In the assembled position, at least the opposite end portions of the inner pipe member are connected to the outer pipe member by the axially spaced connecting means 22, 24. In longer lengths of pipe, additional centrally located connecting means of similar construction may be utilized between the end portion connecting means 22, 24. Each connecting means 22, 24 preferably provides at least two, or more preferably, three or more, separate relatively closely axially spaced connecting members 86, 88, 90 which cooperate to relatively axially fix the inner pipe member relative to the outer pipe member while also enabling relative rotational movement to relieve excessive torsional stresses in use. The relatively close axial spacing of the connecting members of each connecting means 22, 24 provides uniform rotational support over substantially the entire length of the connecting sleeve members 62 so as to prevent excessive wobble of the inner pipe member relative to the other pipe member. In addition, the use of multiple connecting members enables continued use of the pipe section even if one or more of the members fails during use.

Experiments have been conducted with sections of pipe of the type disclosed herein and having three connecting means, each having three O-ring members and associated inner and outer grooves with one connecting means located midway of the length of the pipe, with dimensional characteristics hereinbefore described with reference to FIG. 7. The experiments have indicated that an average maximum axially directed insertion force of approximately 2,000 pounds is required during assembly of the inner pipe member into the outer pipe member before all nine O-ring connecting members are seated in and between all nine pairs of inner and outer groove means. It has been further found that for the same pipe section, an average maximum axially directed withdrawal force of approximately 2,760 pounds is required to initiate relative axial movement between the inner and outer pipe members in the made up condition thereof to remove the inner pipe members from the outer pipe member. Thus, on the average, approximately 35% more force was required for disassembly than for assembly.

In use of the multiple wall pipe in rotary drilling operations, the outer pipe members 17 of each section of pipe are rigidly connected by the threaded connecting means 16 so that axial loads and torsional stresses in a string of pipe sections are confined to the outer pipe members and the connecting members 50, 59 therebetween. Each inner pipe member 18 is individually supported within its associated outer pipe member by the O-ring connecting means so that the only axial load on each inner pipe member is the weight thereof and the weight of the upper connecting sleeve member 15 which provide a downward axial load substantially less than the load supporting capacity of the O-ring members. Torsional stresses in the outer pipe members are accommodated and relieved by the O-ring members which enable relative rotation between the outer pipe members and the inner pipe members. The telescopic connections between the connecting sleeve members 15 and the adjacent ends of the inner pipe members of adjoining sections of pipe enables relative rotation therebetween. Thus, each individual component of the string of inner pipe members and connecting sleeve members is rotatable relative to the other individual components as well as relative to each individual component of the string of outer pipe members. In addition, all of the individual components of the inner pipe string are removable and replaceable to facilitate repair and/or maintenance. While the invention is particularly useful in connection with rotary drilling operations, it may also be useful in other types of drilling operations, such as hammer drilling operation, employing double walled pipe sections.

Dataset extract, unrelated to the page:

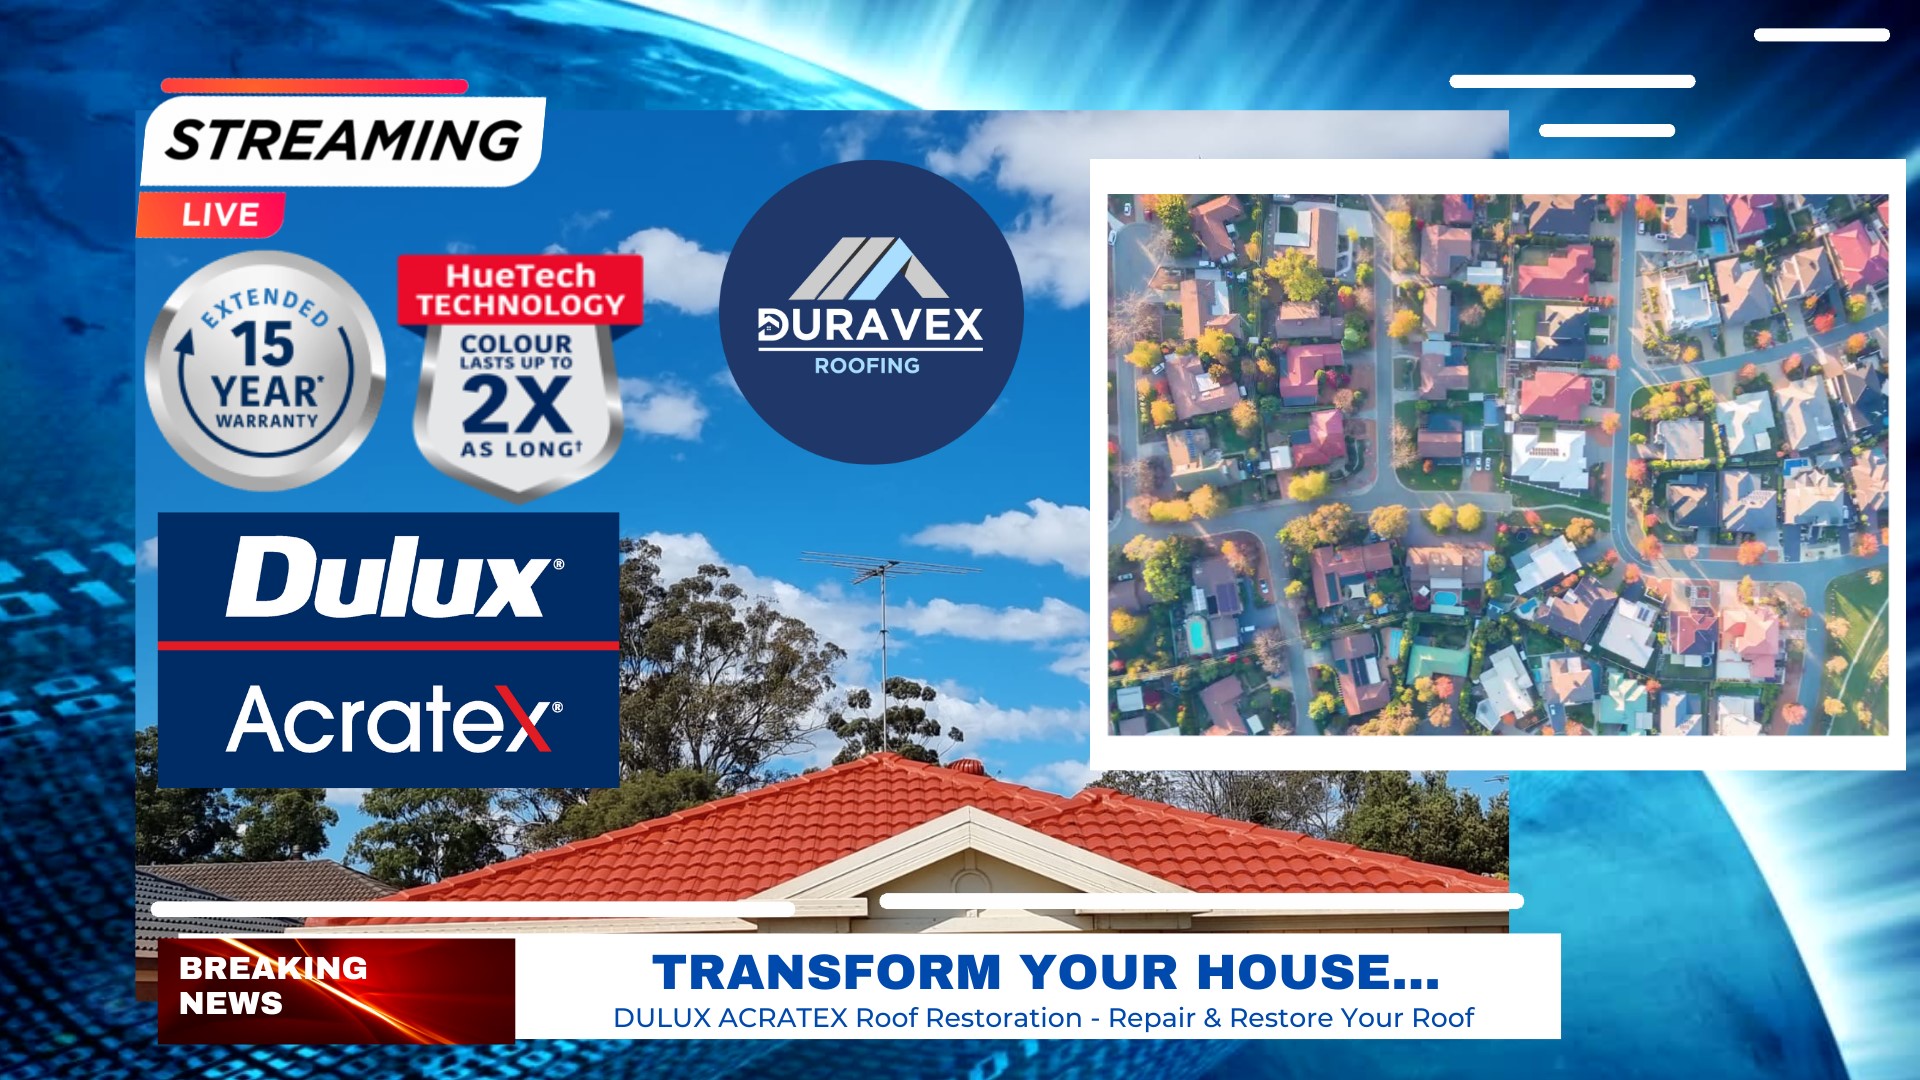 Expert Cement Tile Roof Restoration by Duravex Roofing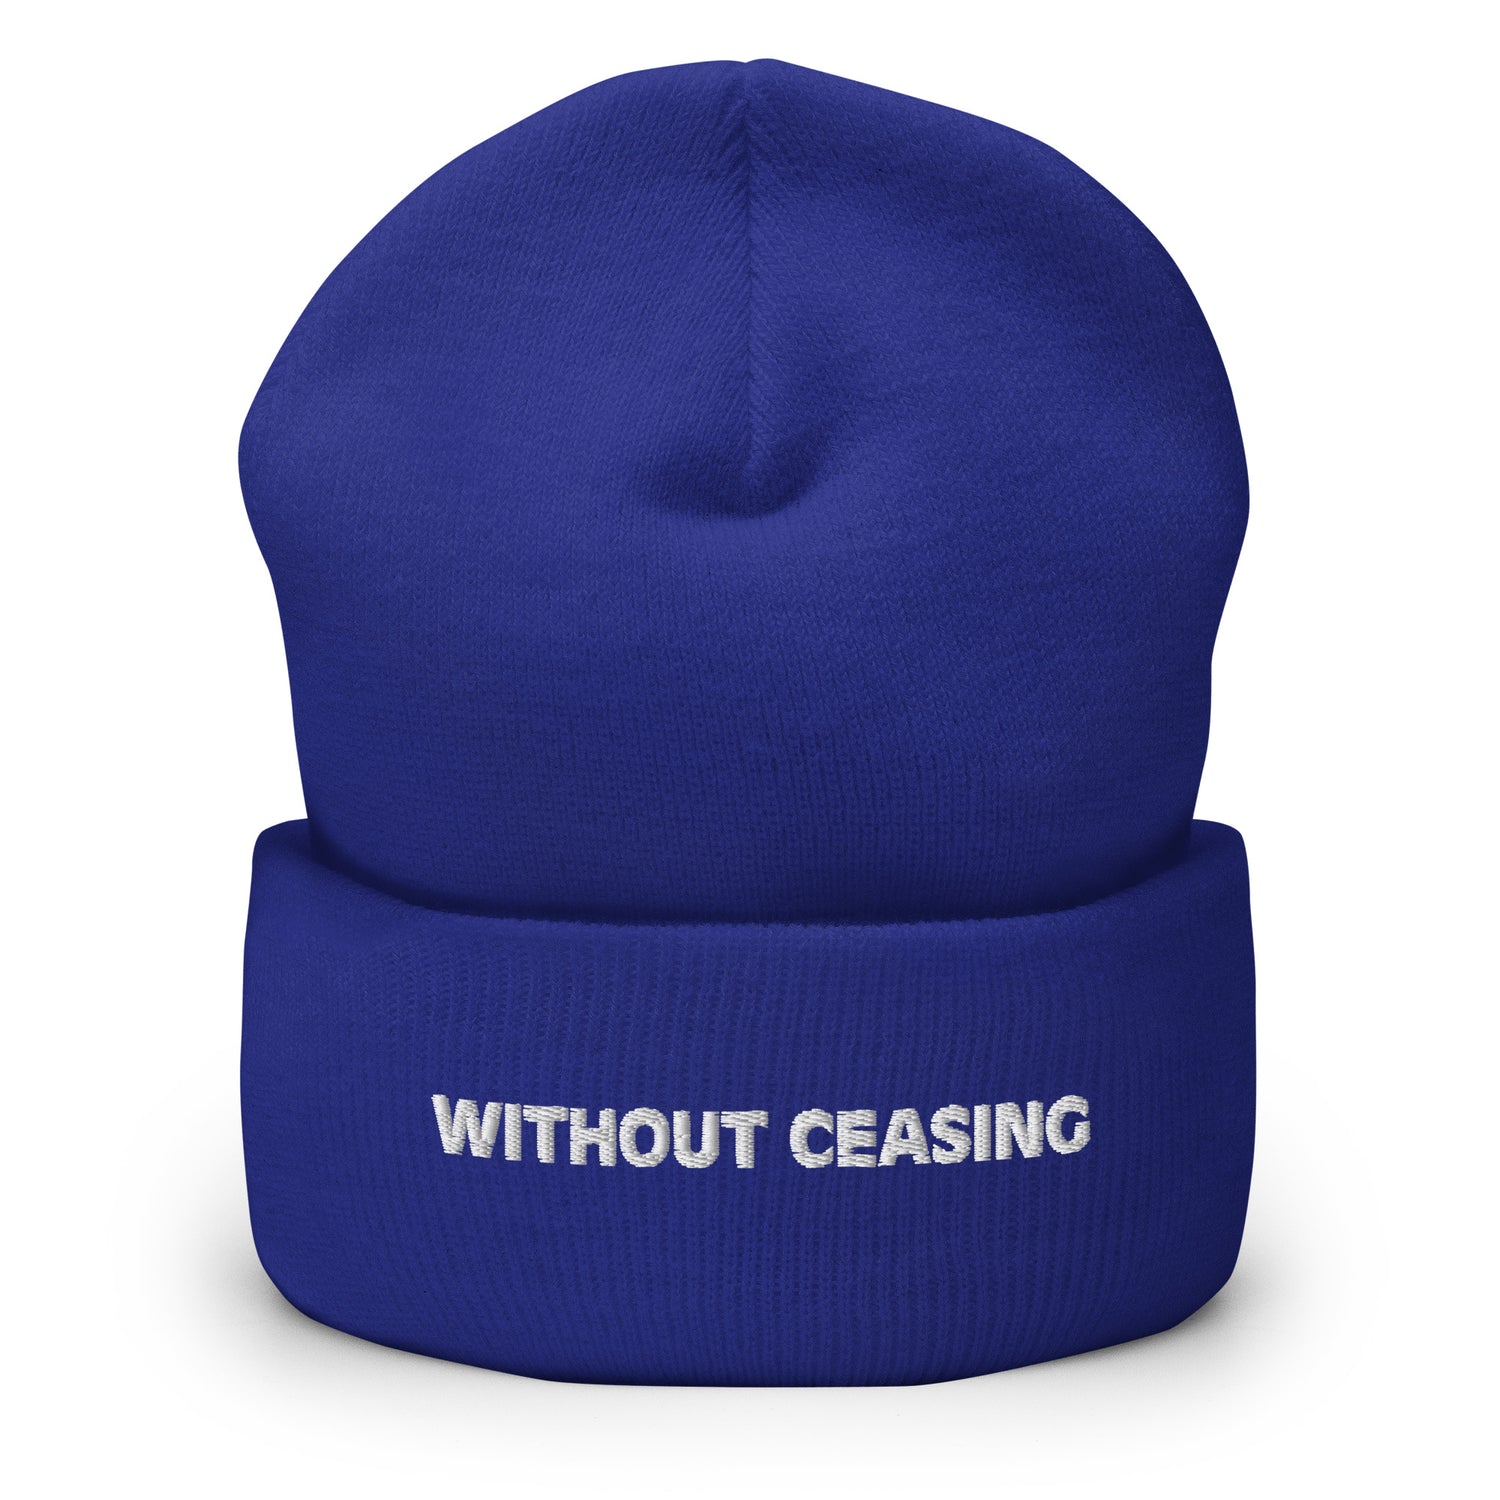 WITHOUT CEASING

While the inventive concepts have been illustratively disclosed by the foregoing specific embodiments thereof, various alternative constructions and arrangements of the invention may be utilized. For example, while the inner and outer pipe members have been specifically disclosed as being connected by two or three axially spaced connecting means, each comprising three O-ring members associated with three pairs of axially aligned inner and outer groove means having particular dimensional characteristics, it will be apparent that the number of connecting means, the number of O-ring members and associated pairs of inner and outer groove means, and the dimensional characteristics thereof, may be varied depending upon pipe size, use requirements or other factors. In addition, the illustrative groove configurations may be modified as necessary or desirable. While the use of conventional O-ring members appears to provide particularly good results and minimize manufacturing as well as repair and replacement costs, other type of connecting members, such as coiled annular spring members or annular split ring members, may also be useful. Also, while the mounting of the O-ring members in the inner grooves on the inner pipe member and the provision of the outer grooves on a sleeve member attached to the outer pipe is a particularly satisfactory arrangement facilitating manufacture, assembly, and disassembly of the pipe sections, the relative relationships of the connecting means and the pipe members may be capable of being modified, changed or reversed to variously otherwise utilize the inventive concepts. In addition, it is contemplated that the inventive concepts may be employed in any multiple wall drill pipe, such as multiple wall drill pipe having three or more concentric pipe members. Thus, it is intended that alternative embodiments of the invention be included within the scope of the appended claims except insofar as limited by the prior art.

Claims

1. A section of multiple wall pipe for use in a drill pipe string, comprising:

an outer pipe member;

an inner pipe member mounted within the outer pipe member; and

releasable connecting means for holding the inner pipe member and the outer pipe member in fixed axial relationship under force loads applied in use during a drilling operation while enabling relative rotary movement between the inner pipe member and the outer pipe member in use during the drilling operation to relieve torsional stress and for permitting the removal of the inner pipe member by relative axial displacement relative to the outer pipe member by application of an axially directed force in excess of the axially directed force loads applied to the length of pipe in use during a drilling operation; said connecting means comprising:

resiliently compressible ring means for connecting said outer pipe member to said inner pipe member;

outer groove means located in fixed relationship relative to said outer pipe member, for receiving and releasably holding an outer peripheral portion of said resiliently compressible ring means; and

inner groove means located in fixed relationship relative to said inner pipe member in axial alignment with said outer groove means for receiving and holding an inner peripheral portion of said resiliently compressible ring means.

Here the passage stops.